Je suppose que je ne devrais pas m’étonner. C’est ma sœur. Aussi différentes qu’on soit, je n’ai jamais eu le sentiment qu’elle me détestait ou m’en voulait de m’intégrer dans le clan alors qu’elle n’y parvenait pas. Au fond, elle ne m’en a jamais voulu pour Cassian. Ne m’a jamais reproché de l’avoir conquis sans même essayer. Mais si je fiche tout en l’air ici, à Chaparral, là, elle m’en voudra.

Comme si elle lisait dans mes pensées, elle continue :

– C’était pas bien, la façon dont ils te traitaient… comme une sorte de monument pour le clan. Pas comme une personne réelle, comme quelqu’un qu’ils respectaient ou qui comptait pour eux. Ils avaient tort. Cassian avait tort.

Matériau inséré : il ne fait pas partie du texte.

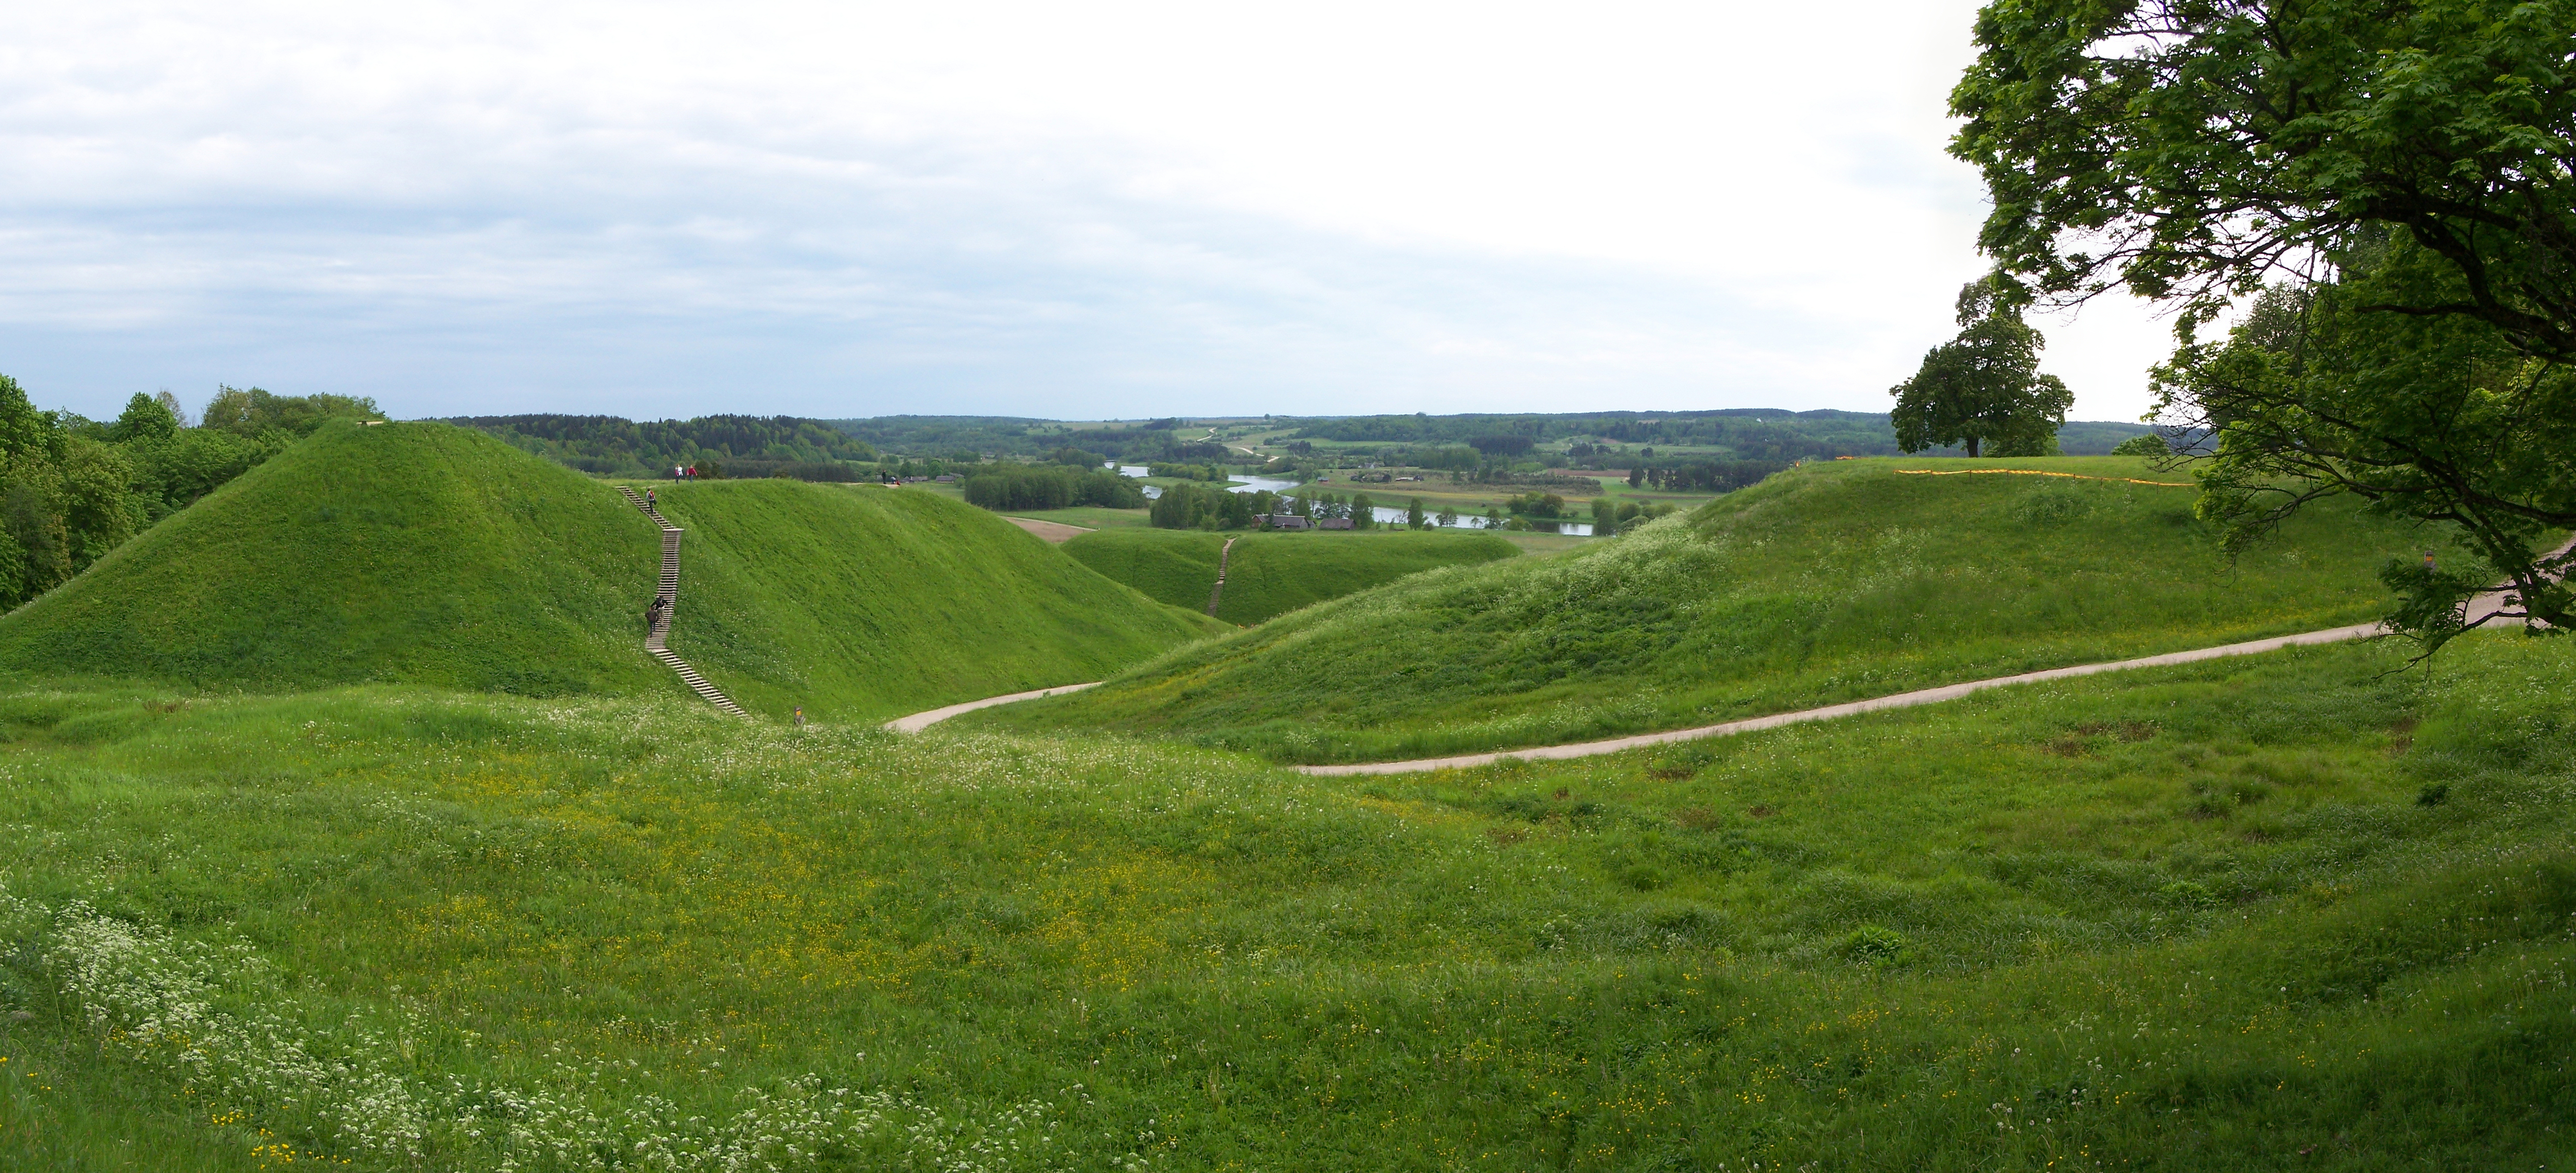 File:Kernavė - Hill forts 01.jpg - Wikimedia Commons

Elle soupire, et je me demande comment elle sait que c’est ça que j’ai besoin d’entendre de sa bouche en cet instant précis.

– Je voulais juste que tu le saches.

Silence.

– Je t’adore, Jacinda.

« Je sais », suis-je tentée de dire.

L’ombre de ses pieds sous la porte disparaît. Je me mords la lèvre jusqu’à ce que le goût métallique du sang se répande sur mes dents. Lentement, je me lève et je sors de la salle de bains.